Таисия Игоревна открыла им дверь со словами:
- Наконец-то. Где вы бродите? Я уже волноваться начала.
Они прошли в комнату и сели за стол, покрытый жёлто-коричневой бархатной скатертью. Таисия Игоревна принесла из кухни стакан воды. Поставила на стол. Села напротив. Попросила дать ей руку. Любаша протянула правую руку, с любопытством ожидая, что будет. Дубровский сидел с видом завсегдатая. Откинулся на спинку. Руки за голову, добродушно улыбается.
Таисия Игоревна минуту смотрела на её ладонь, потом протянула стакан.
- Возьми! И держи, не отпускай. Ничего не говори, - добавила она, заметив, что Любаша собралась что-то спросить.
Любаша взяла стакан. Таисия Игоревна обхватила её руку вместе со стаканом обеими руками и замерла, глядя перед собой. Любаше показалось, что стакан мгновенно нагрелся и стал жечь ей руку. Она пискнула, попыталась отдёрнуть руку, но ей не позволили. Она с испугом повернулась к Борису. С того мигом слетело всё добродушие, он напрягся и привстал с места. Любаша протянула вторую руку, чтобы оттолкнуть, но Таисия Игоревна властно сказала:
- Нет! Не двигайся! И ты не шевелись! - она глянула на Бориса и тот замер, схватившись за край стола.

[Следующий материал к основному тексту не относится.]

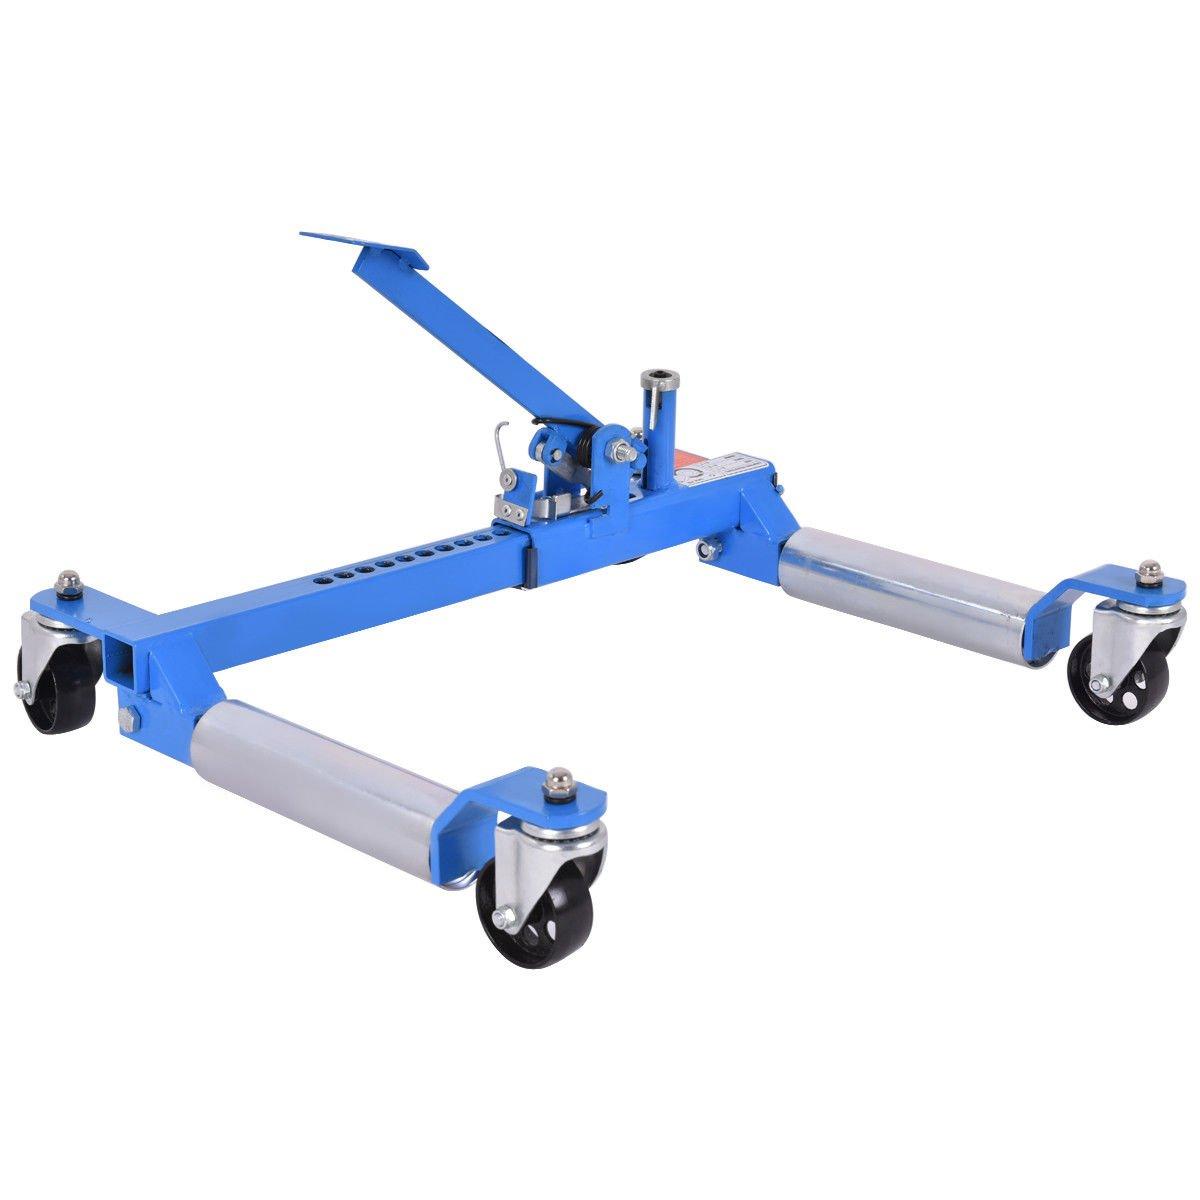 Goplus Wheel Dolly Car Skates Vehicle Positioning Hydraulic Tire Jack, 1250 lb (Blue) by Goplus (Image #6)

Через несколько секунд жжение прекратилось, и стакан опять стал холодный. На Любашу навалилась такая усталость, что она чуть не свалилась головой на стол. Но, пересилила себя и выпрямилась. Таисия Игоревна отпустила её руку.

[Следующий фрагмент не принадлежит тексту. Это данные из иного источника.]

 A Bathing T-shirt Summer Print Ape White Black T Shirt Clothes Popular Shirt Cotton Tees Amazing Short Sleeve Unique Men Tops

- Сильная девочка. Удержалась! Всё. Больше болеть не будешь!
Боль, действительно, прошла. А вместе с ней - тошнота и слабость. Любаша вскочила. Дубровский тоже. Она была, не то чтобы напугана, скорей, изумлена.
- Как Вы это сделали? - потом опомнилась, - Ой! Спасибо! Правда, всё прошло! Это навсегда?
Борис сразу успокоился. Сел обратно. Таисия Игоревна улыбнулась. Кивнула. Потом встала, взяла стакан и пошла на кухню. Вернулась, но садиться не стала.
- Боренька, вам пора. Проводи её и сразу сюда. Понял?
- К тебе прийти?
- Да. Здесь переночуешь. Всё. Жду.
По дороге Борис сообщил, что он переходит работать в другое место. Как только придёт приказ о переводе. Любаша кивала, слушая в пол уха. Вспоминала свои ощущения, когда в её руке будто вскипела вода. Возле общаги Любаша опять почувствовала сильную усталость, просто резкий упадок сил. Поняла, почему его бабушка их так торопила. Он попрощался у двери.
- Завтра, в кафе, в пять! Если не приду, не волнуйся.